During his stay in the Tandjung Priok prisoner of war camp in Java, Peach kept meticulous records of the cases of burning feet in men who presented to him between November 1942 – March 1943. This data was carefully concealed from his captors and survived to return home with him in late 1945. He immediately resumed his civilian surgical career and attained his Part 1 Fellowship of the Royal College of Surgeons in the early summer of 1946. He did not publish his “Burning Feet” study. When interviewed as part of our oral history enquiry over 64 years after compiling his study, he produced a bundle of original medical notes that he had recorded. It was extraordinary for such detailed records to have survived, given that record keeping of any kind was strictly forbidden under the Japanese regime, frequently at risk of execution. The existence of this set of records serves as a reminder of the hardships these men faced, and provides a unique new research source into the intriguing POW problem of burning feet.

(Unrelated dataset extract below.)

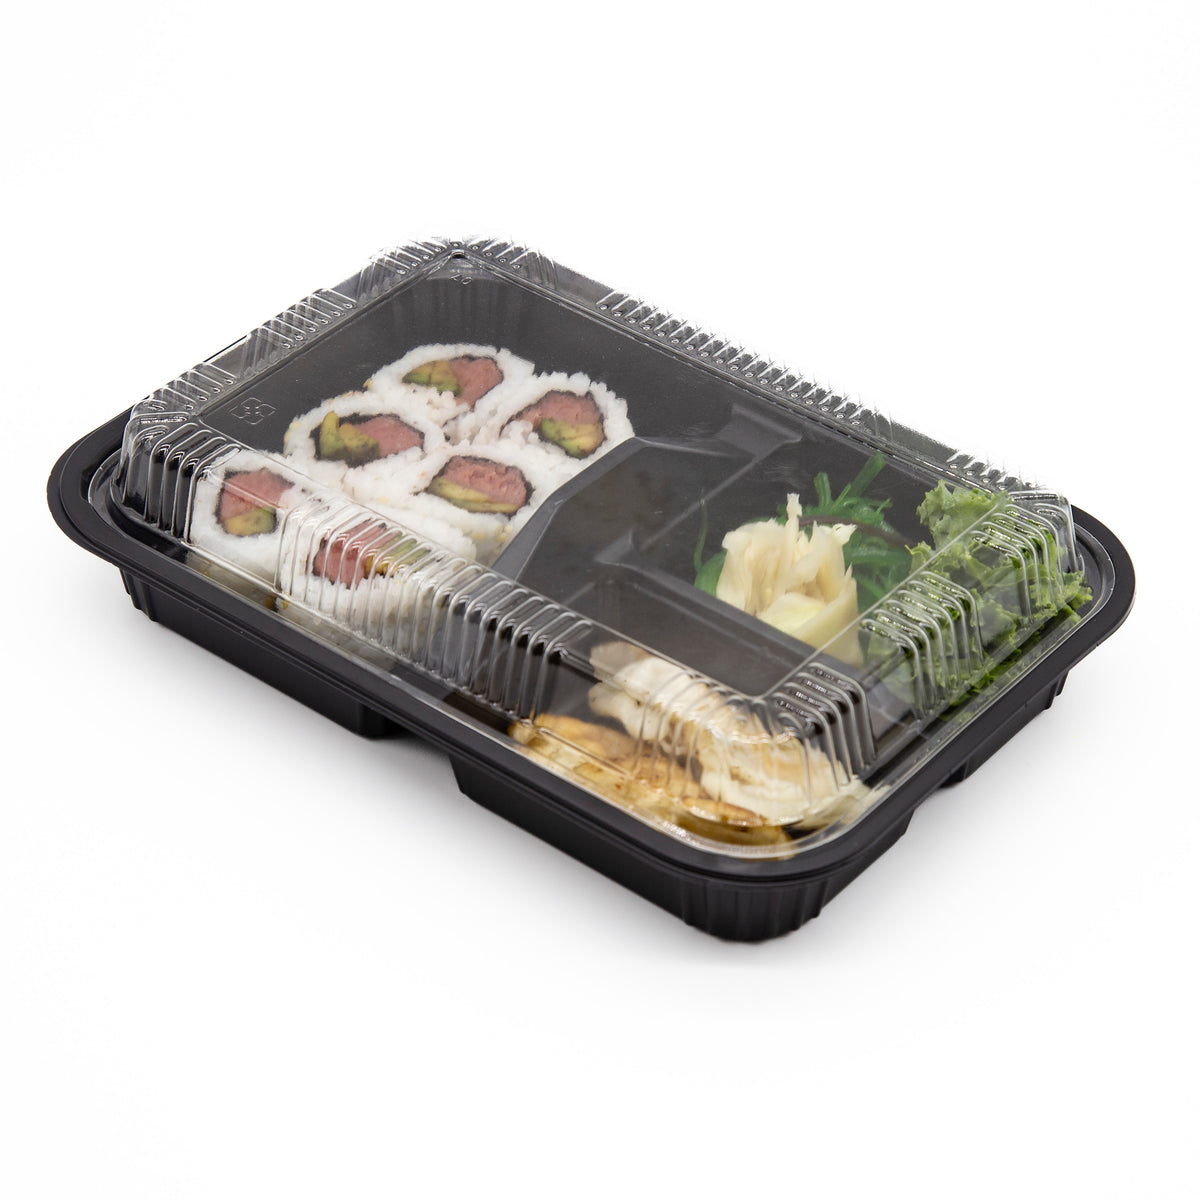 STI-304 3 Compartments PS Bento/Lunch Box Meal Prep Containers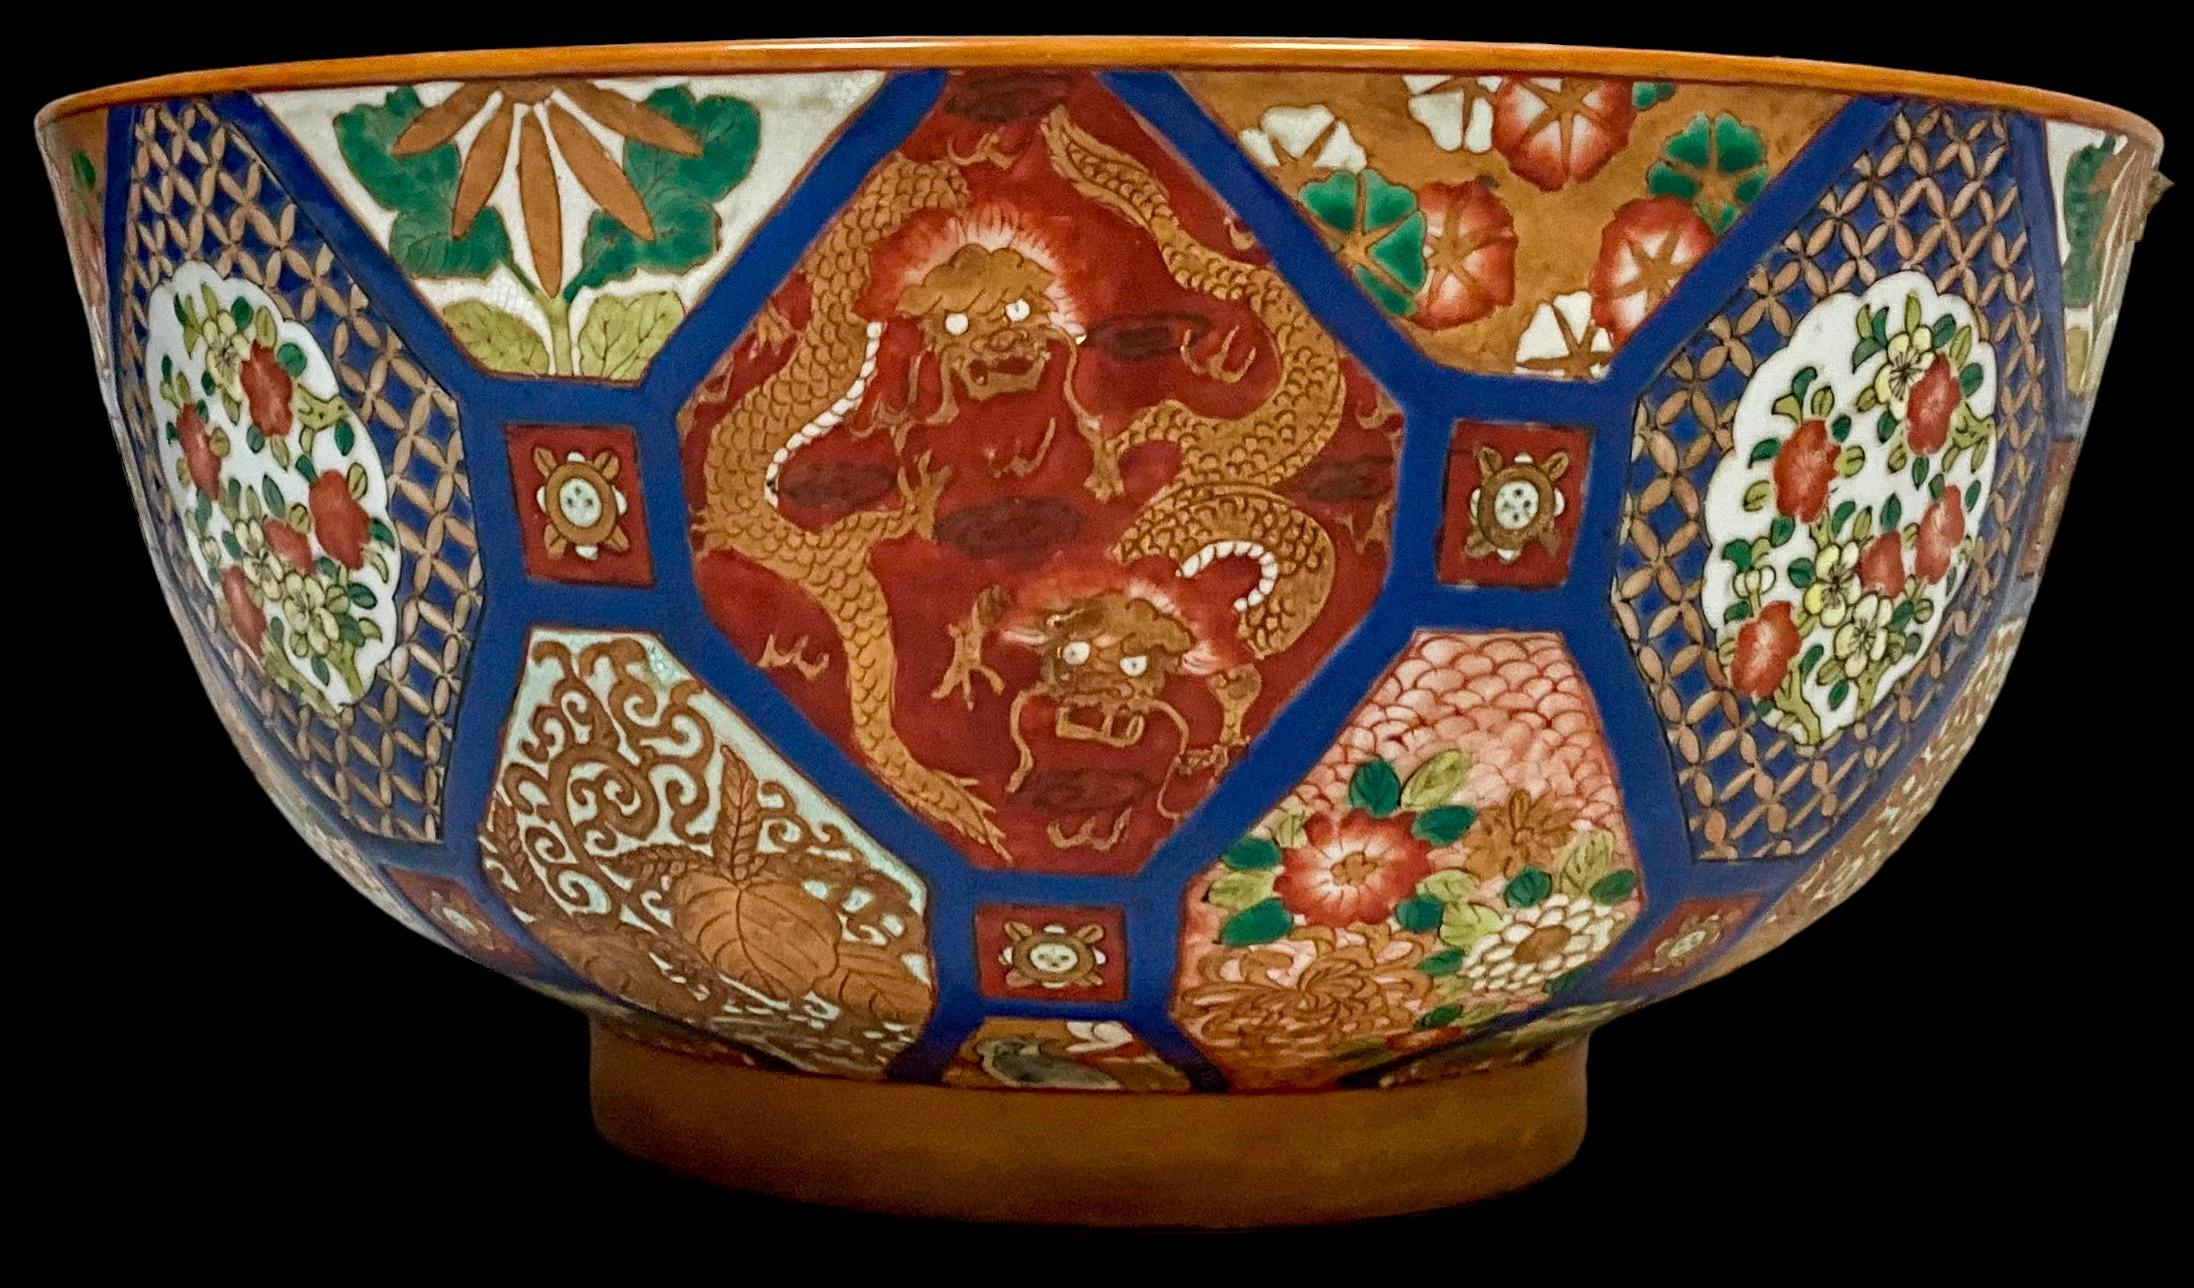 This is a late 20th century large scale Chinese Export style bowl. It has vivid blues and oranges with a dragon motif. It is marked and in very good condition.

Lt Peach compiled data on 54 prisoners (all male) presenting to him with burning feet, and detailed clinical information was recorded onto typed proformata [Figure 1], which were then hidden. The mean age was 28 years (range 20-47), and mean duration of symptoms 12 weeks (range 2 – 56). [Table 1] shows the neurological findings in the group of patients, as well as accompanying tropical infections. As in other reports, the pain was described as aching, burning, or shooting. All these men were on an inadequate diet, but 20 (38%) were not even on a full ration (standard Japanese procedure was that if a POW could not work, their rations were cut).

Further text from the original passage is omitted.